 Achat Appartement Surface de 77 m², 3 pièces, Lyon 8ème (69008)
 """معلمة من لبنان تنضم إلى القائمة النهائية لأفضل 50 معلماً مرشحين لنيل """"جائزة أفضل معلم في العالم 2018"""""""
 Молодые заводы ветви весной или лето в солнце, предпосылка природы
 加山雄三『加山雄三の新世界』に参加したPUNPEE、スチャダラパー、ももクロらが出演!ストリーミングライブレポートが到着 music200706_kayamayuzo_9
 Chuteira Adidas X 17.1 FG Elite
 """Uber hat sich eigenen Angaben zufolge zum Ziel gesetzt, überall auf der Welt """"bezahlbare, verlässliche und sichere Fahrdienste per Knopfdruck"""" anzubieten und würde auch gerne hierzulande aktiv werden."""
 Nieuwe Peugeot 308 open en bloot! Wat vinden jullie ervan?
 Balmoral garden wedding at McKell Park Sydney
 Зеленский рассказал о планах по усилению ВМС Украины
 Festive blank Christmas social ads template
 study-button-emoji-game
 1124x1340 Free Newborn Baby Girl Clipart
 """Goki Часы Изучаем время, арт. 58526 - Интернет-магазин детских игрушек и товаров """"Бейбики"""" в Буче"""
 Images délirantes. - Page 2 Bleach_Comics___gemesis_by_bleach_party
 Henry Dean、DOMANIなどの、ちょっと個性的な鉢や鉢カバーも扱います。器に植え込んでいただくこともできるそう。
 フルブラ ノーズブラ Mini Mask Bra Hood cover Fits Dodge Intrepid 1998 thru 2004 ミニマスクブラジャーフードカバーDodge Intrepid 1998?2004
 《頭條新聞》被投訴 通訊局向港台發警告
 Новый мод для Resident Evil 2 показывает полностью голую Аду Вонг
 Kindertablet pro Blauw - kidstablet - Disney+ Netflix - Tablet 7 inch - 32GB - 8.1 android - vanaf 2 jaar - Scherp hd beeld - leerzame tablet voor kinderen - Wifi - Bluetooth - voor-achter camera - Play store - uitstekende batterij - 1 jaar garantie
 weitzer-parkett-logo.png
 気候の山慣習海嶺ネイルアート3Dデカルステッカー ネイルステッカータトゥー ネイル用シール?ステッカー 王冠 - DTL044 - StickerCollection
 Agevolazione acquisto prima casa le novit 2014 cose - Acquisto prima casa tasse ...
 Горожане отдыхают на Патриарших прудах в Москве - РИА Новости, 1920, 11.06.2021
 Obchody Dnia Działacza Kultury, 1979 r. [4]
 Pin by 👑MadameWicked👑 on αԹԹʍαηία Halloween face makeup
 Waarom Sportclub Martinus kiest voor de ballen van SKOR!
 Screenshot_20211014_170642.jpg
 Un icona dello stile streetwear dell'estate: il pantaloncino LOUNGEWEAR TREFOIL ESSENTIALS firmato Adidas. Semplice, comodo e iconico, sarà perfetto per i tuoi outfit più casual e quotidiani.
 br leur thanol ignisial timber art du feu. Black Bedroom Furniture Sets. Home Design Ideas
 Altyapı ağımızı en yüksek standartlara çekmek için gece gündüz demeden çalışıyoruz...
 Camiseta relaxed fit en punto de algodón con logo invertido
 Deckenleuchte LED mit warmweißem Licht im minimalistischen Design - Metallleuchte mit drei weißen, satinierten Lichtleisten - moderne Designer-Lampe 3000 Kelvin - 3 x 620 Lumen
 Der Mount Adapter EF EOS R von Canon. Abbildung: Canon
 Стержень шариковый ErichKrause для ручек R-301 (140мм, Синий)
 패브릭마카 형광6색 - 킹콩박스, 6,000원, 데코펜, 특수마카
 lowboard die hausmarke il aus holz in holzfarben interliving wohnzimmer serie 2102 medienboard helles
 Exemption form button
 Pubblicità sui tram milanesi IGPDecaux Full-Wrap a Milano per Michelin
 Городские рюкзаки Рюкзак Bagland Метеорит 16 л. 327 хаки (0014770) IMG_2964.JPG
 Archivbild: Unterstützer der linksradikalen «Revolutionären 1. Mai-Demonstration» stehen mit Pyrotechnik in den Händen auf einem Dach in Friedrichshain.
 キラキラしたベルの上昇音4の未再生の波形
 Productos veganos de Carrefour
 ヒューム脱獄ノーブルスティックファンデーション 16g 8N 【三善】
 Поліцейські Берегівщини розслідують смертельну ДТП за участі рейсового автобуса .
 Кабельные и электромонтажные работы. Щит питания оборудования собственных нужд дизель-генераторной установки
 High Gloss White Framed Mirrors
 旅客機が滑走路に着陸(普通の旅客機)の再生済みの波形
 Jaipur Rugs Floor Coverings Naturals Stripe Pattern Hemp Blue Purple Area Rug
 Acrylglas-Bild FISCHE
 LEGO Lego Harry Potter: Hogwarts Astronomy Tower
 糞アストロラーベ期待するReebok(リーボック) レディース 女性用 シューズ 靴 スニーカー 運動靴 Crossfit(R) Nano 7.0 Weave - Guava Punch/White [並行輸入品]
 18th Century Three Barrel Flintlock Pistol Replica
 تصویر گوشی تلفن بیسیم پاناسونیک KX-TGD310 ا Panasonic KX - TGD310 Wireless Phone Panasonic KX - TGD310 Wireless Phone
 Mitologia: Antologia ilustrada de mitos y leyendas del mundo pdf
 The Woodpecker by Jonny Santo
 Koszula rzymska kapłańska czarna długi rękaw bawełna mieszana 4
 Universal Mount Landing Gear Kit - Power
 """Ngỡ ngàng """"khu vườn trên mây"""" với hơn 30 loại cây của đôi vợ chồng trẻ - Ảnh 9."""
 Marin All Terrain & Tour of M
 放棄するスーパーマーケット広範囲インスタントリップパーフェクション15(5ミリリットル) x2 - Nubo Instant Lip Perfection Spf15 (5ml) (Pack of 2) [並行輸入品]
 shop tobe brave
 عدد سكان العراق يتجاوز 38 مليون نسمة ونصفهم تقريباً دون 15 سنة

+++++

▸ **WHAT YOU WILL DO**:
Using the listing, copy every line where the word "Adidas" shows up.

▸ **RESULT OF THIS TASK**:
 Chuteira Adidas X 17.1 FG Elite
 Un icona dello stile streetwear dell'estate: il pantaloncino LOUNGEWEAR TREFOIL ESSENTIALS firmato Adidas. Semplice, comodo e iconico, sarà perfetto per i tuoi outfit più casual e quotidiani.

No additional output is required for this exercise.